In this podcast recorded at RSA Conference 2017, Jason Kent, VP of Web Application Security at Qualys, illustrates how web application security is complex due to the continuously evolving threat landscape, the diverse nature of the web, mobile and IoT applications, and the broad range of systems needed to manage security across them.
Here’s a transcript of the podcast for your convenience.
As we approach the market for web application security, we’ve realized that organizations are having lots of difficulty, not only reining in the numbers of apps that they have, but being able to easily identify the problems that they have in their application infrastructure, and then be able to fix those problems.
Remediating problems is something that most organizations have a difficult time with. So what we did is we combined a couple of technologies. We wrote some interesting code on our backend in order for us to have an application security assessment done through our web application scanning solution, as well as correct the problems when we find them. We call this activity ‘virtual patching’, but if I find a flaw out on a website, I can easily just go into our backend and say, ‘I want to fix that flaw’, and it will write a custom rule that will apply on to that application firewall in one click. This allows for you to have time to go remediate these problems.

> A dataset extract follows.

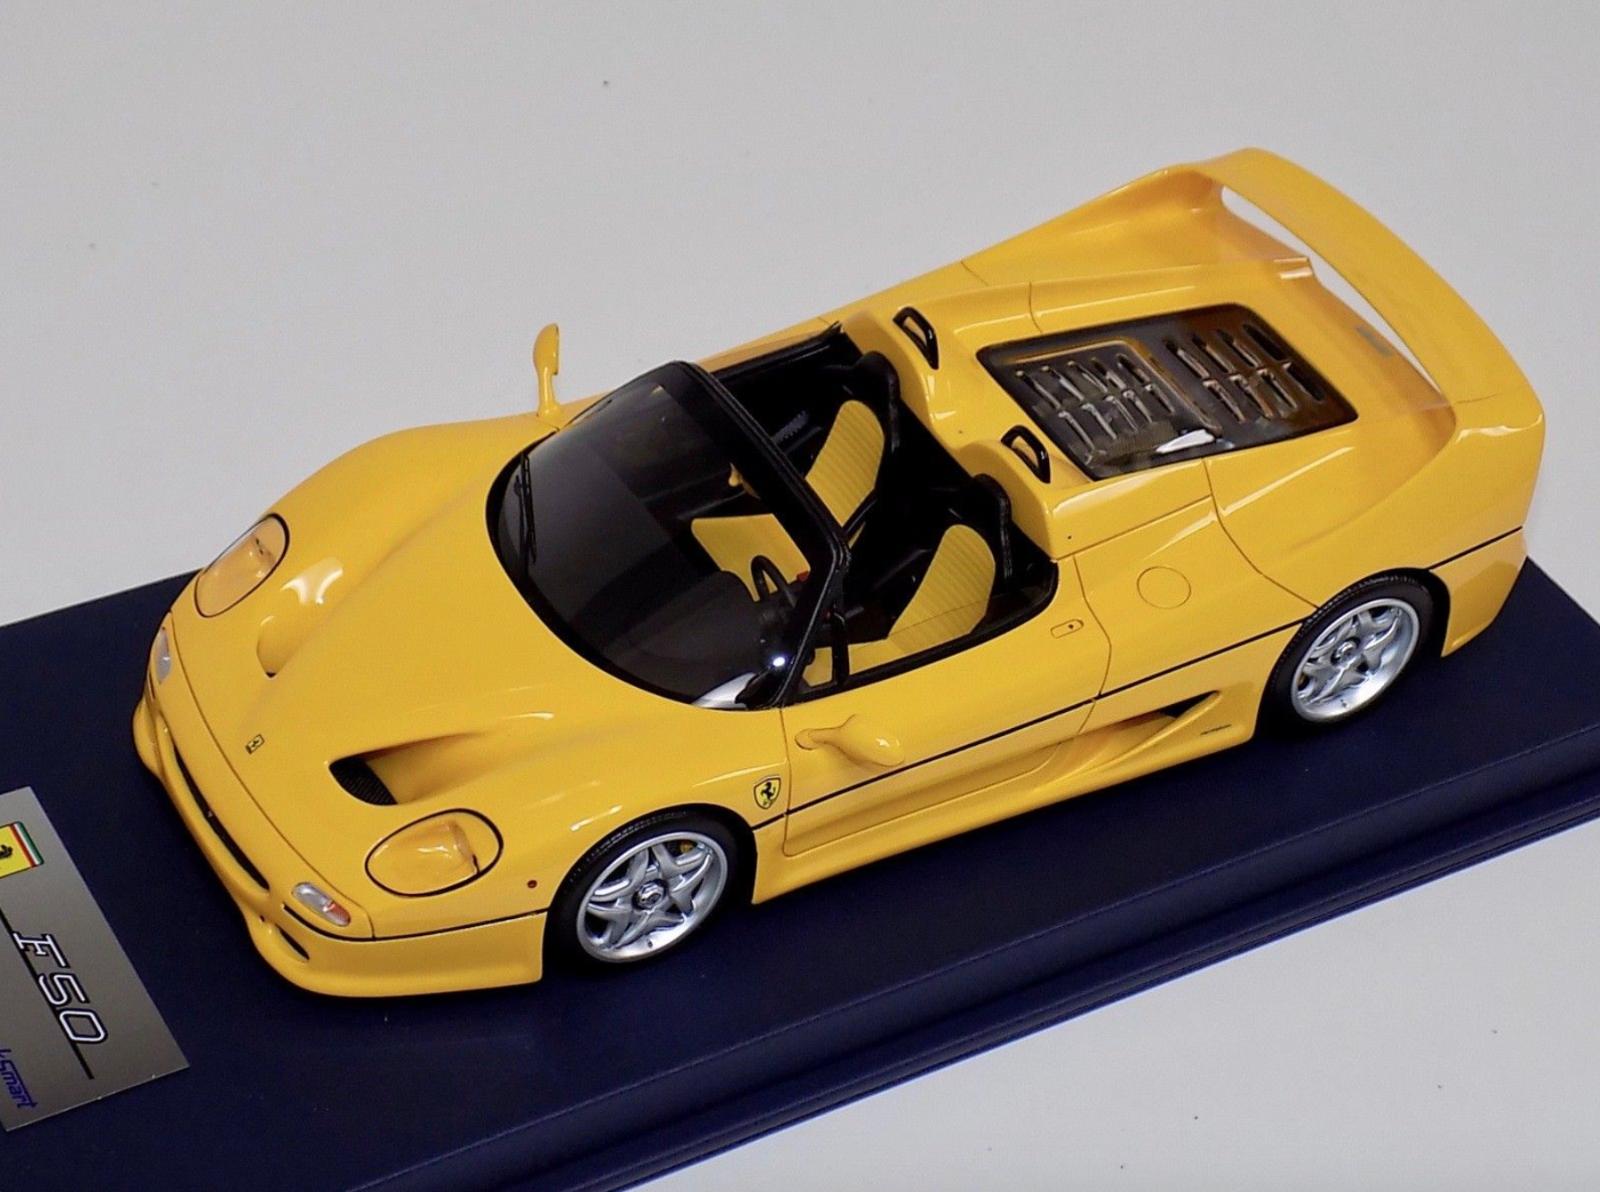 LookSmart señor Ferrari F50 Spider en amarillo en la base de cuero azul

What we’re seeing in the industry is anybody can find the problems, but not everybody can solve them. And often times, the code that was written for an application was written by a contractor or somebody that’s no longer with the organization. And getting that kind of code remediated is near impossible. What we can do is put a stopgap measure in place with virtual patch and say, ‘Here’s your problem. We’ve found it easily. And now, you can easily fix it.’ And the great thing about the way that we’ve approached this is you can do it at any scale. So, if you have ten thousand applications, you can scan all of them. You no longer have to say, ‘Oh, we only do an annual pen test on our two apps.’ You can look at all of your applications in a very automated way. And it allows for you to easily find problems and solve those problems with this virtual patching.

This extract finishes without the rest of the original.